Posted January 24, 2007 by hypatia 2007Categories: love, polyamory, sex, swinging
Do you have views on this question? Is the number different for a man than for a woman? If so why?
And do we mean how many partners “at once” or in the course of a lifetime?
See there’s a conversation going on over at a friends blog. I’d usually name who but I don’t know if she would be offended by my linking to her from here so I’m erring on the side of caution.
(Blog-friend, if you drop by here somehow and are quite happy for the link let me know and then consider it done.)
Anyway…
The question being asked was “how many partner’s are too many?”
It made me laugh a bit. First because the conversation concerned a friend of her’s who has fallen head over heels for a new man. So the friend and her new fella have the “numbers” conversation. You know…the “how many have you slept with?”
And this friend was a bit freaked because her new man has had 20 partners. She thought this didn’t fit the image she had of him. She thought it was rather a lot.
My reaction was “20? that’s not many?”
So how many is too much?
My husband and I happened to count the other day just the number of partners we had since we got together! I’m not going to tell you the number.
But it got me thinking. Do number’s really matter?
Surely it’s attitudes that are more important?
I person could have had one lover but treated them like crap. Does that mean they are okay because the number is low?
Given that few people are expected to be virgins on their wedding night (and thank heavens that’s the case) does a big number or a little number really mean so much?
One of the things I have found from being in an open relationship is how much you can grow as a person through being intimate with someone else.
I have a kind of awkward to explain attitude towards sex but I’ll try my best.
On the one hand. It’s just a pleasurable act. It feels good. Good sex feels great.
On the other it is a big deal. I could even say almost spiritual. Its the closest you can physically get to another human being and that is pretty awesome. Add orgasms into the equation (which I would inevitably endeavour for) and it gets even more incredible. The perceived connection is intense. Whether you have known that other person for five years or five minutes.
What I guess I’m trying to say is…
It can be as meaningful or as meaningless as you decide it to be.
The only real difference between polyamory and monogamy for us as a couple is that we have made a decision that there is so much more to our marriage than just sex.
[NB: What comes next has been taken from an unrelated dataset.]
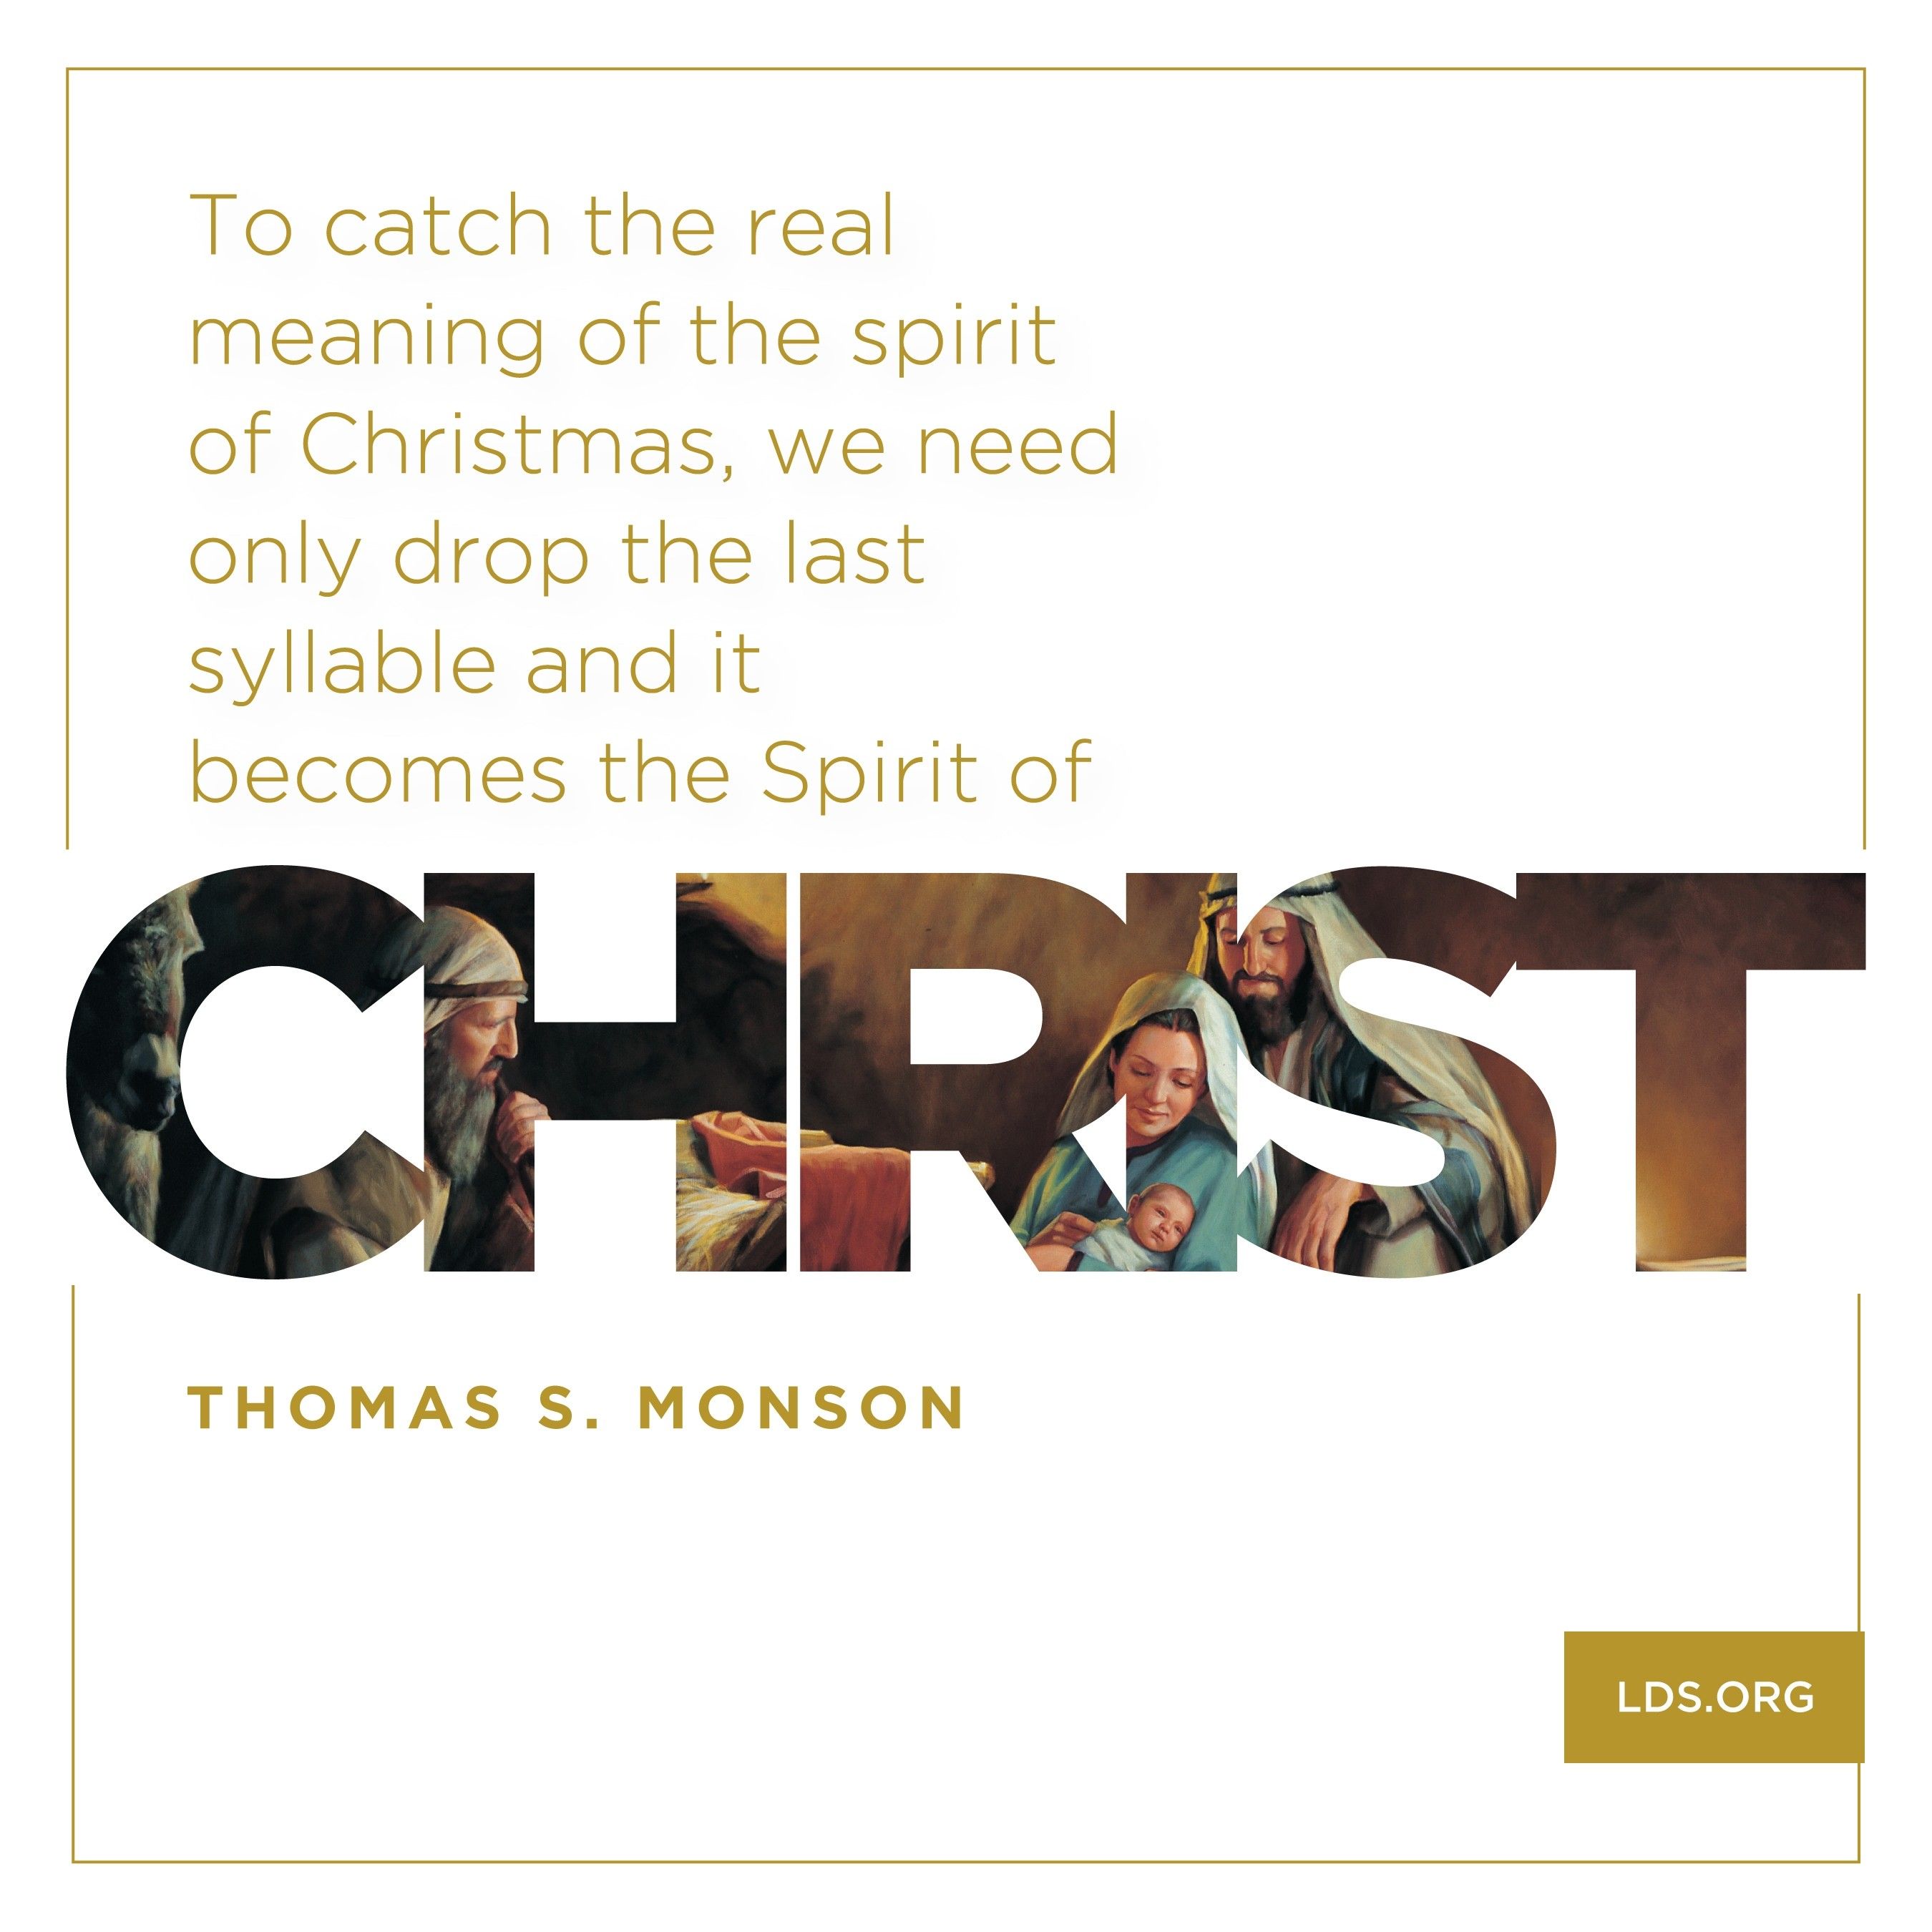 “To catch the real meaning of the spirit of Christmas, we need only drop the last syllable and it becomes the Spirit of Christ.”—President Thomas S. Monson, “The Real Joy of Christmas”

There are many ways my husband or I could betray our marriage but for us having sex with someone else isn’t one of them.
That’s not to say that our previous sexual experiences aren’t in anyway important to our marriage. They are. Each sexual encounter in a persons life can bring baggage as well as fond memories.
But the way I see it, so long as my friends new couple realise that whatever their numbers its their whole life experience that has made them who they are.
And that includes their sexual history.
So maybe they should stop worrying about the numbers and just embrace that as part of the person they’ve fallen in love with?
Of course…if she means how many partners are too many all at the one time?
Well that’s probably whole post in itself.